# Mt Ascutney Hillclimb - Vermont



## HP2Joe (Jun 26, 2012)

AUGUST 25-26, 2012


Spend a weekend in Vermont racing your car or motorcycle up the Ascutney Mountain Auto Road. Time trial your vehicle up 2,300 vertical feet on a twisty 3.7 mile paved surface that has an average grade of 12%, with some areas graded at 19%. *Unlike other hillclimbs at Ascutney, we will be running the extended course to the top of the mountain!* We have reserved the entire Ascutney State Park Campground for this event and welcome competitors, spectators and volunteers to come spend the weekend. Please visit http://climbascutney.com for details on entering, volunteering, and camping.

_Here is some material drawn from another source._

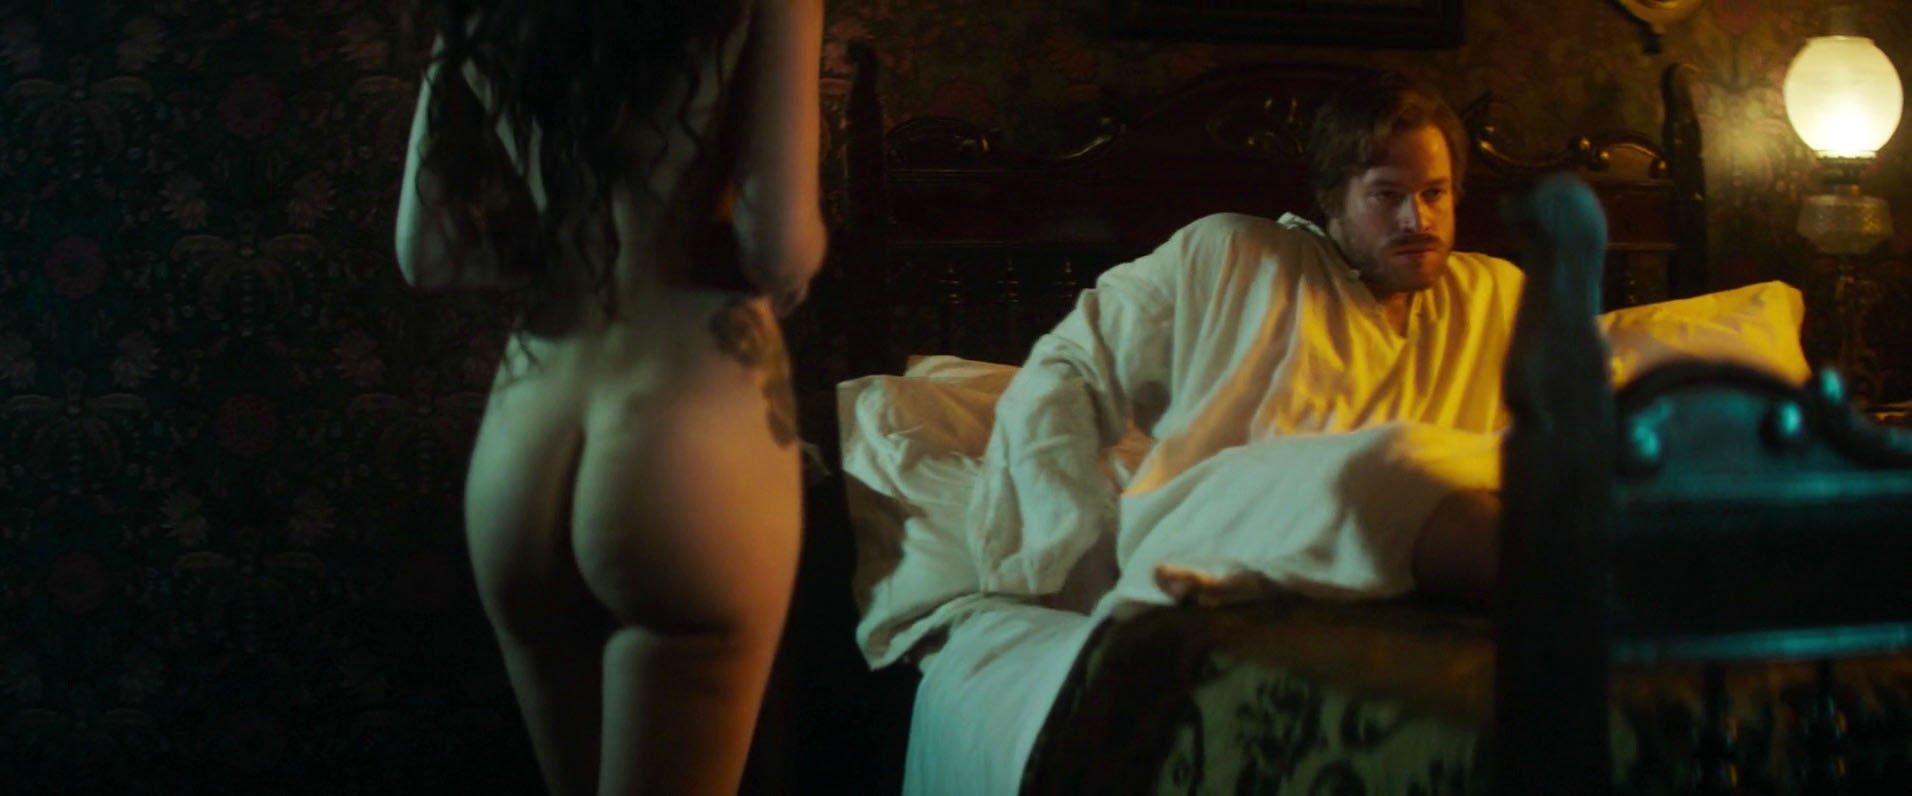 Randi wright sex tape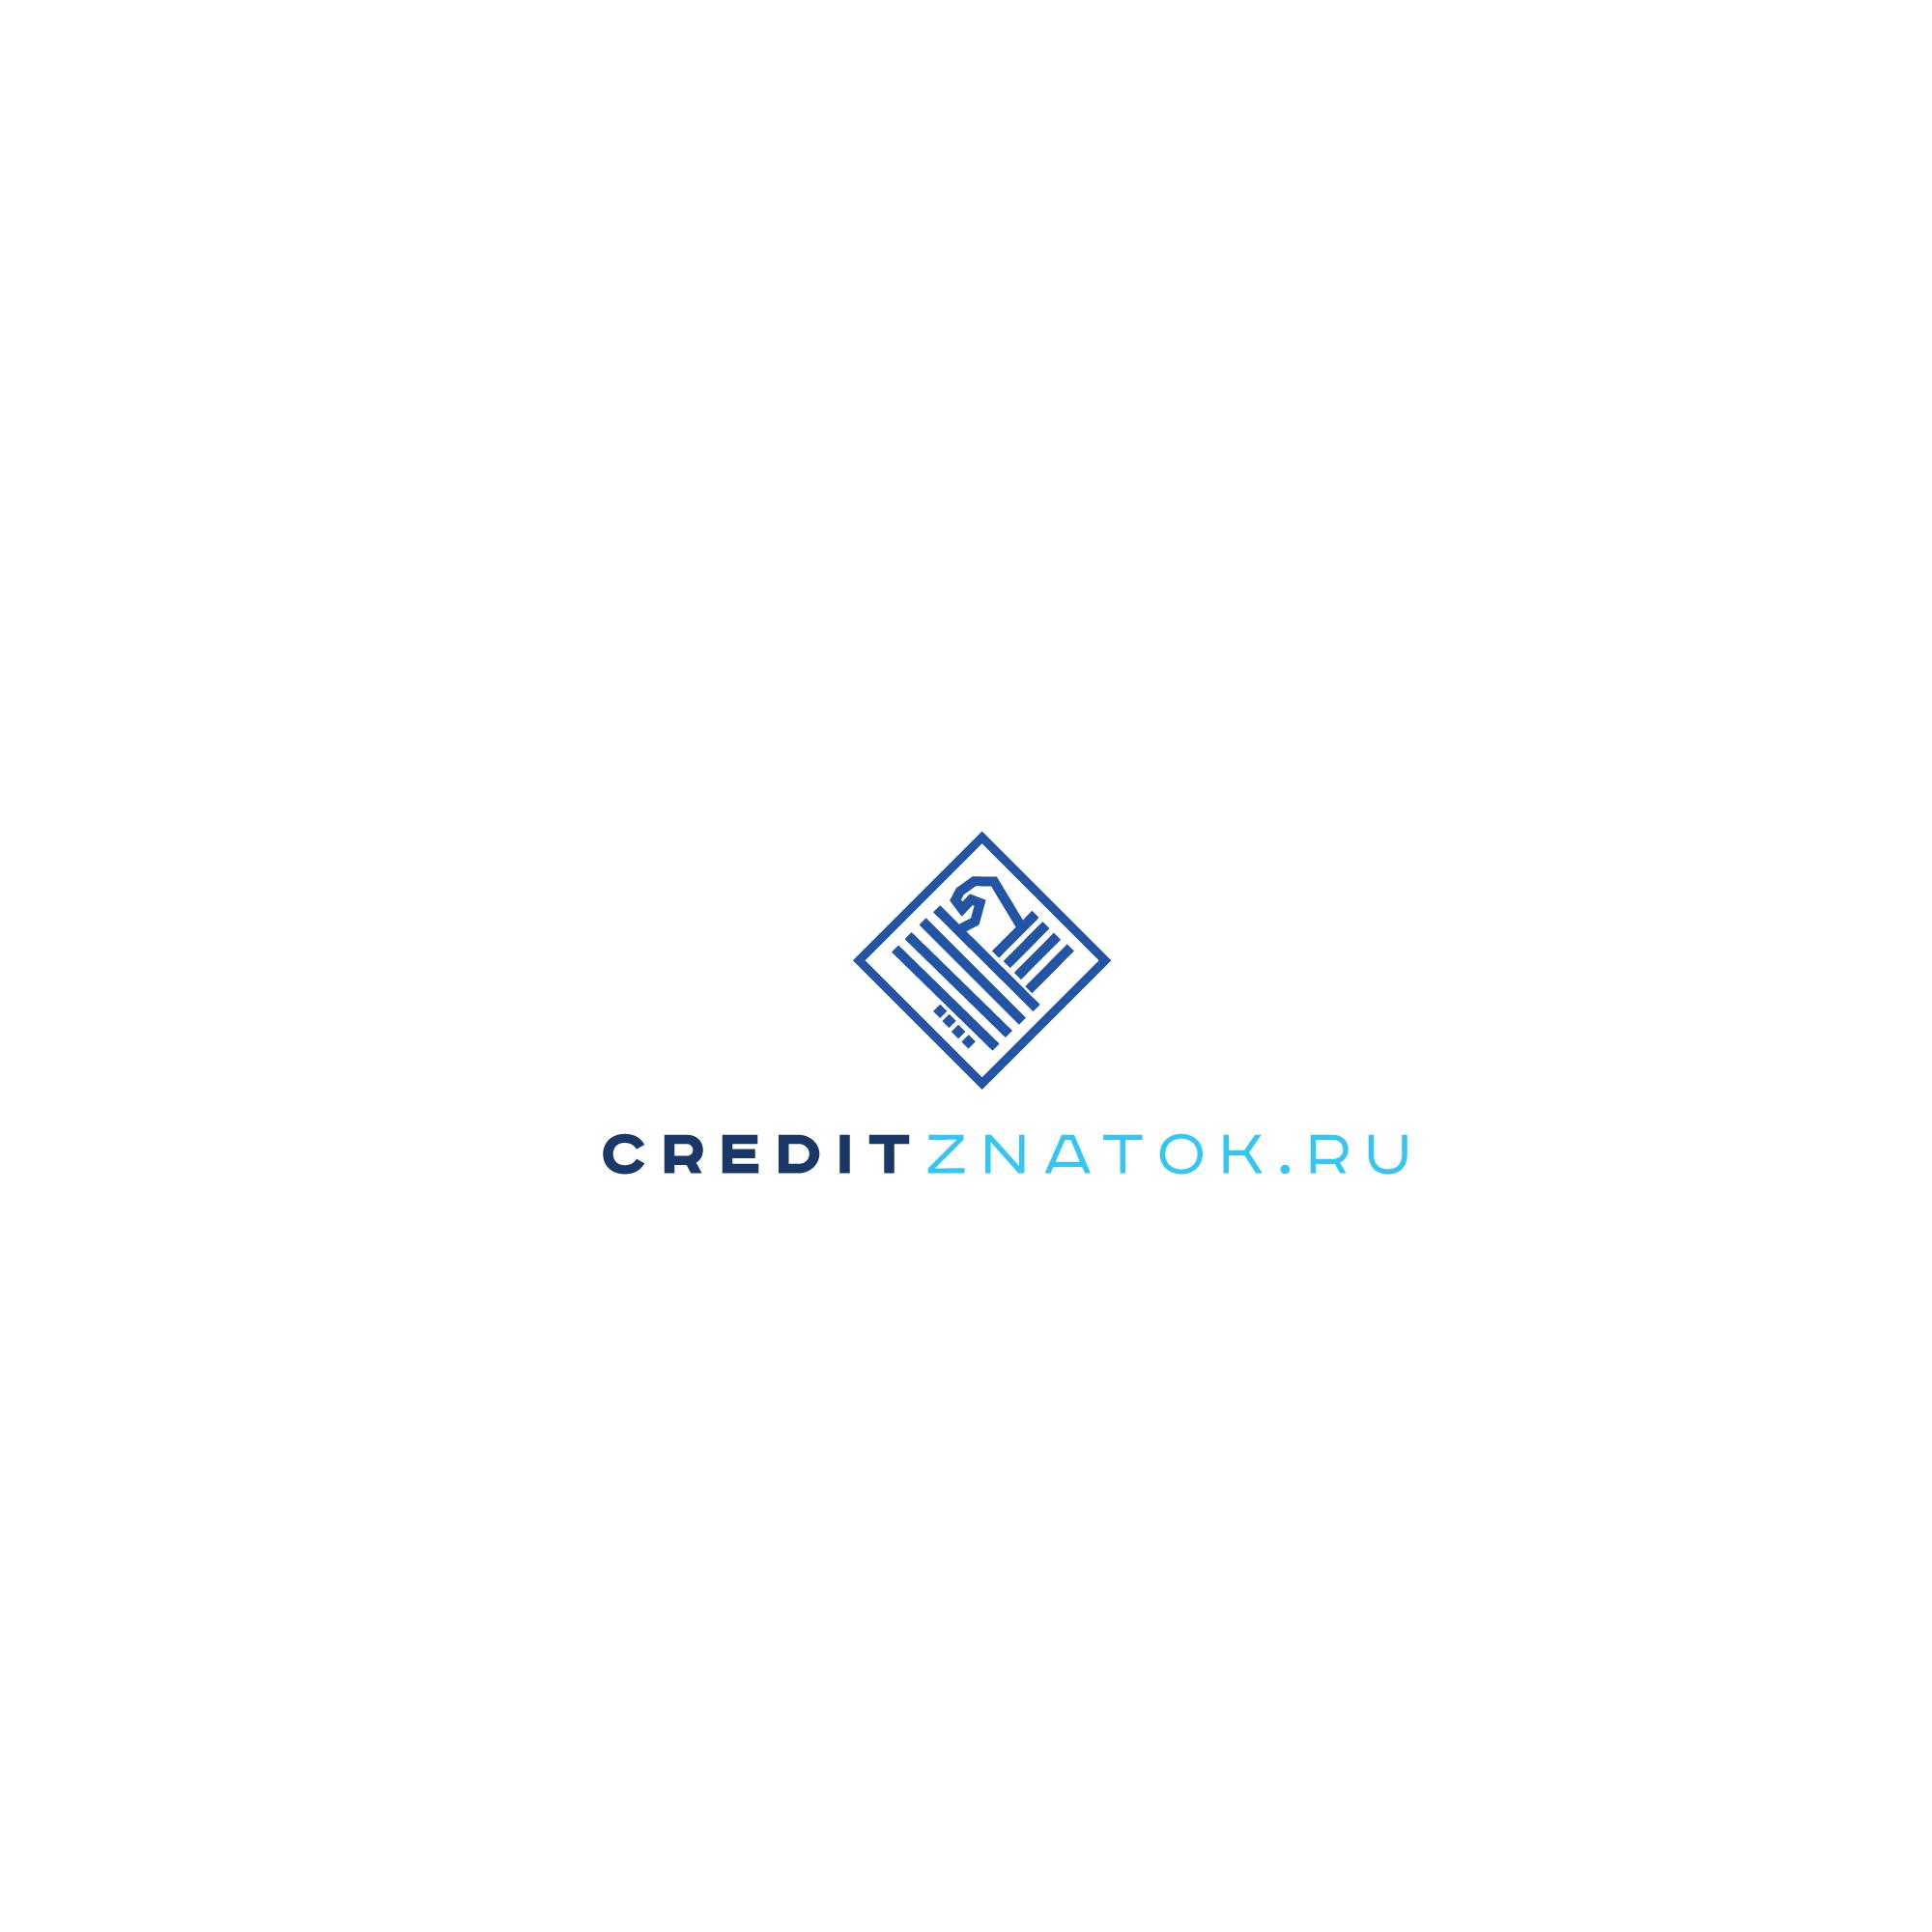 creditznatok.ru - логотип фото f_014589878f6c6aa0.jpg

We hope to see you there!


----------



## HP2Joe (Jun 26, 2012)

*Sign up now!*

Ok folks - the time is here!
We need all competitors to visit http://climbascutney.com/ and complete your entries!!!
Momentum for Climb Ascutney is building steam quickly, but we have arrived at the "Go/No-go" decision point. If you're planning on coming to compete, PLEASE get your entries in asap.
If you're on the fence or have any questions, call or email Joe Warner. We'll help you sort things out and get you on the hill!

Joe: [email protected]
(603) 964-2877 X-132

Climb Ascutney is run in a format that lends itself to qualified novice racers.
Since there is no wheel-to-wheel action and it can be as much or as little as you want to make it.
You’re racing against the clock, so we urge people to race well within their comfort level and establish a baseline time during practice on Saturday.
Then over the course of the event, gradually trim time off each run until you get your “good one” on Sunday.


----------



## HP2Joe (Jun 26, 2012)

*Videos*

Here are a few (of many) videos that do a great job of capturing the spirit of hillclimbing.


----------



## HP2Joe (Jun 26, 2012)

*Got Quattro?*

Just a heads up to anyone on the fence about signing up... 

This event will be run Rally style using Lina Score and standard Rally control signs along the course. 
As a result, there are classes designed to include rally cars (see link) 

http://www.maxbmwmotorsport.com/stor...TS_CLASSES.pdf 

Consider it a single "Special Stage" run over and over again - Saturday = practice, Sunday = fastest time wins. 

Could be a great event for anyone looking test new equipment, shake out a recent repair, or just squeeze in another event for their rally car or bike this season. 
Example: Getting ready for Black River Stages? Climb Ascutney is fully paved, but timing.scoring, seed factors and course controls will be very close to the Atlantic Rally/RallyMoto Championship standard. A great chance to dial in your equipment and become familiar with rally controls!


----------